Excellent post. I’m in my 60’s and have been programming since the early 80s. I went back to college 9 months ago to sharpen my skills in web development. While many say that all the good ideas have already been taken, I had an idea several years ago that I’m now refining with my college courses. Once I complete my courses in the next few weeks, I will have enough content to demonstrate and pitch my idea. Set a goal, focus on it, and drive it to completion.
A couple of factual errors: 1. I dont think he created the engine from scratch. From he Reddit AMA, he clearly said he used XNA Framework (newer: Monogame). Nevertheless, a fantastic achievement. 2. He has experience with creating and playing music. He even had a band when he was young. 3. His mother (or father) was an artist. He liked painting (creating art) too.
Aww hell yeah, megaman battle network! You just blew my mind, too. I had that game on my mind when thinking about myself making a game (series) I can take inspiration from. If you do happen to work on a game and take inspiration from the series, there’s an active discord community and subreddit that would likely be interested in playing it one day. Thanks for the vid!
Great article!
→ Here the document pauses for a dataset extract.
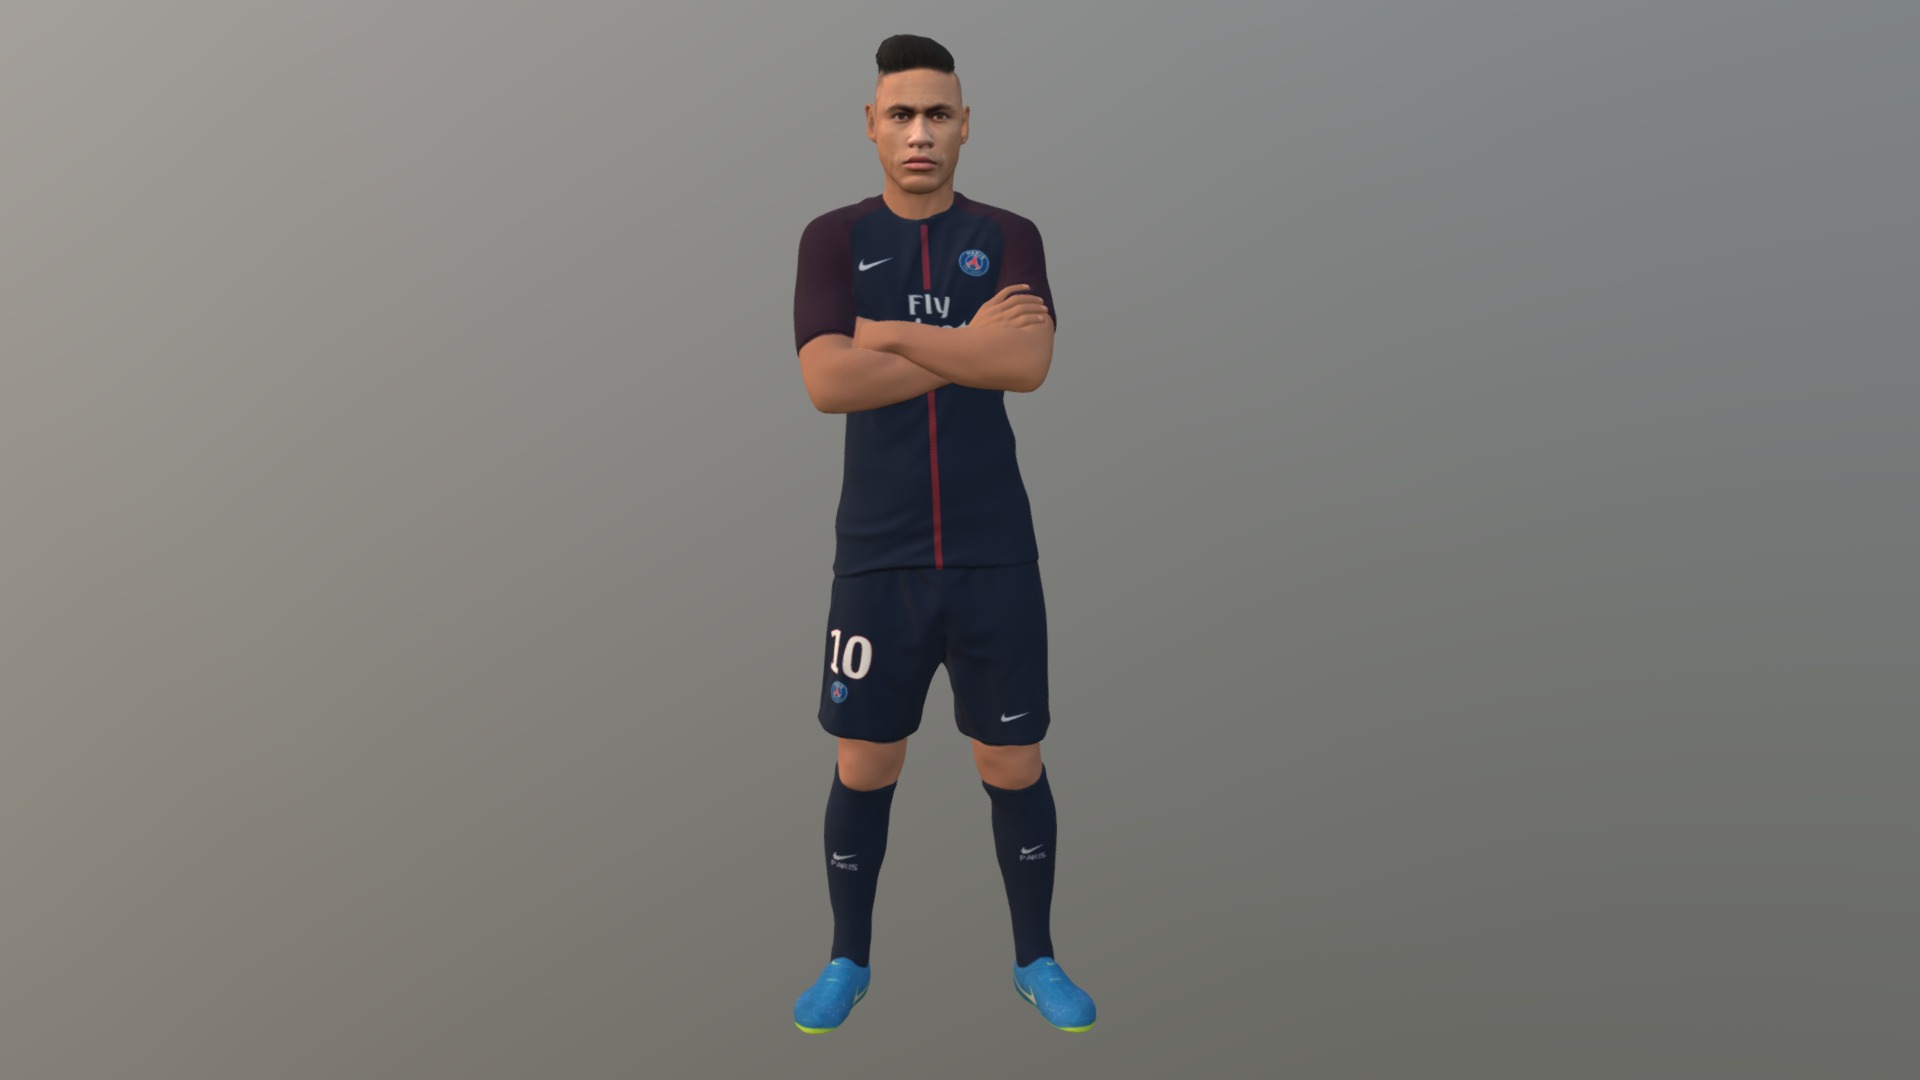 3D model Neymar for full color 3D printing - This is a 3D model of the Neymar for full color 3D printing. The 3D model is about a man in a sports uniform.
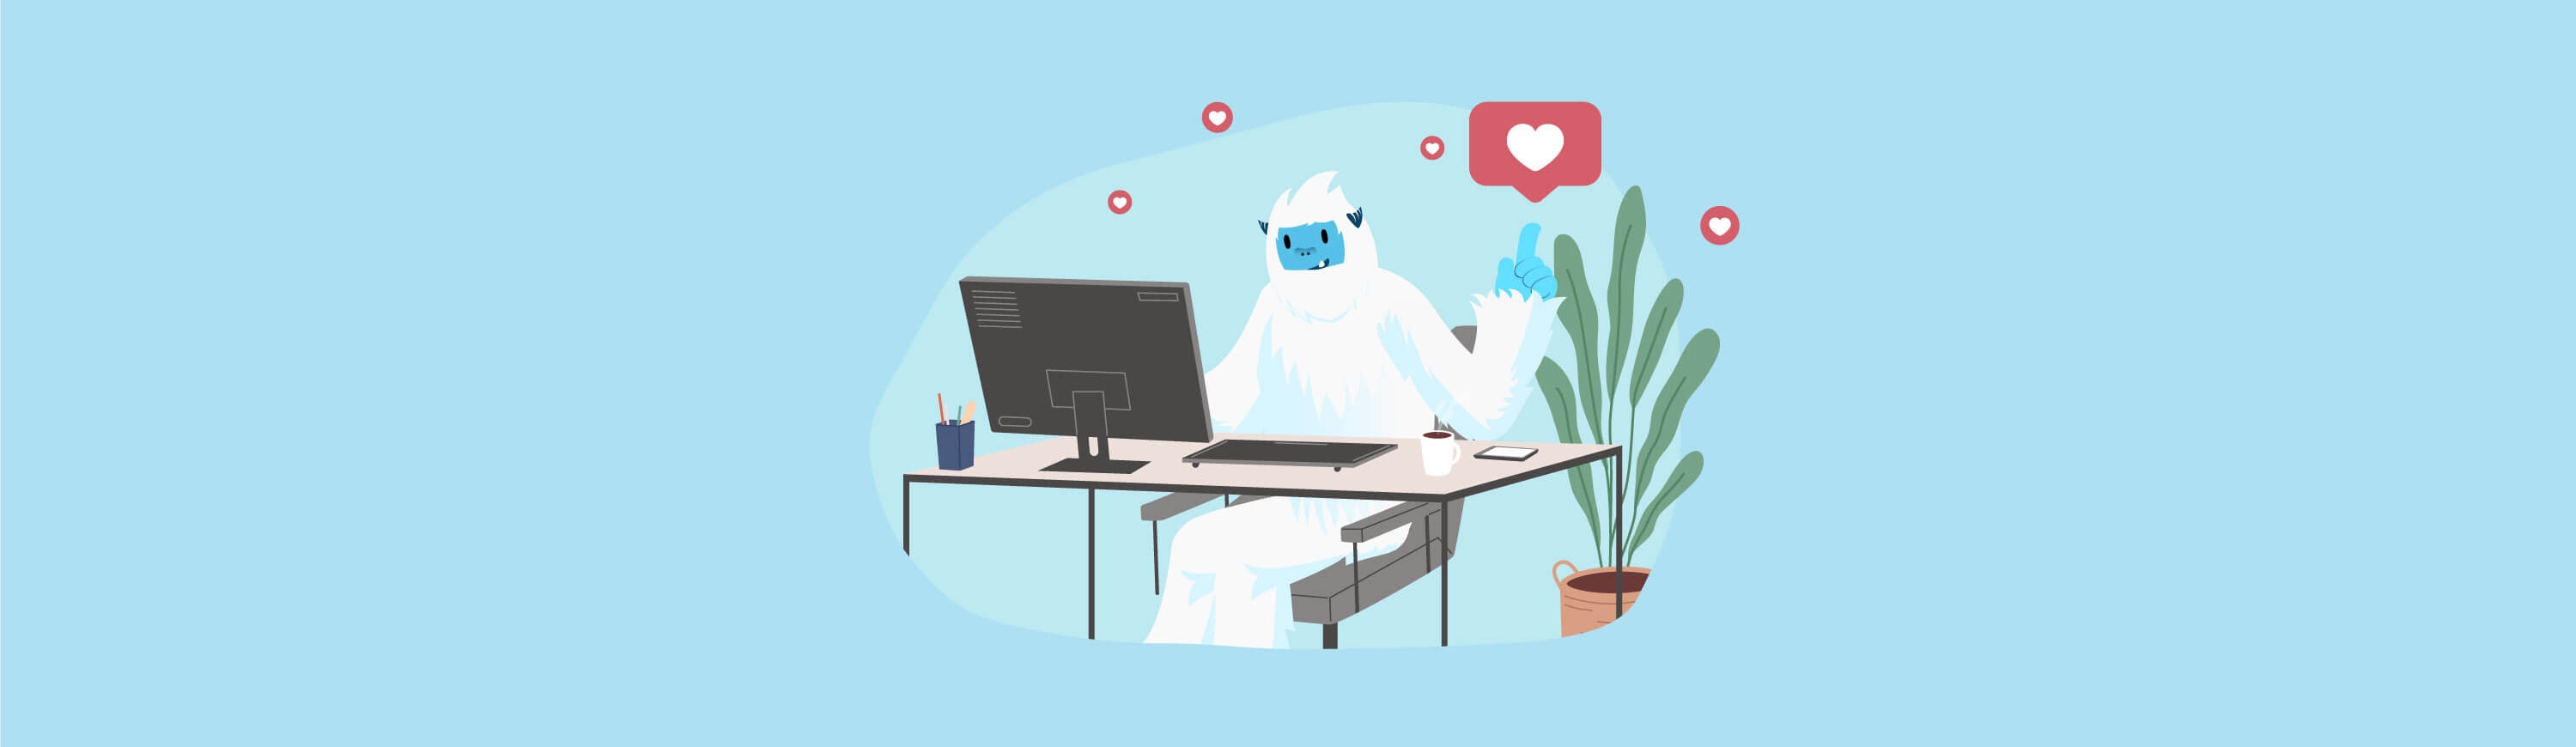 Illustration of Carl the yeti sitting happily at a desk with a computer.

I’m an indie game developer myself and Eric has been my inspiration since Day 1. My initial goal was to see if I can learn game development and its related skills in 1 year, without any background in coding, art, game design, and so on. After I launched an early build to the public, it was well-received and I knew this was something worth pursuing. I felt the same things that Eric felt of being bored with the project, but knowing that I can’t give up on this because of the community support. The primary motivation isn’t really money. I’m working on the game that I want to make, something that I want people to experience. My goal isn’t to make a million dollars, but it would be nice if I could breakeven with the costs or make a bit of profit as well. Passion really is the key motivation for me. If anyone’s curious, my game is called Lawmage Academy. ^-^ Cheers and thanks for this wonderful article!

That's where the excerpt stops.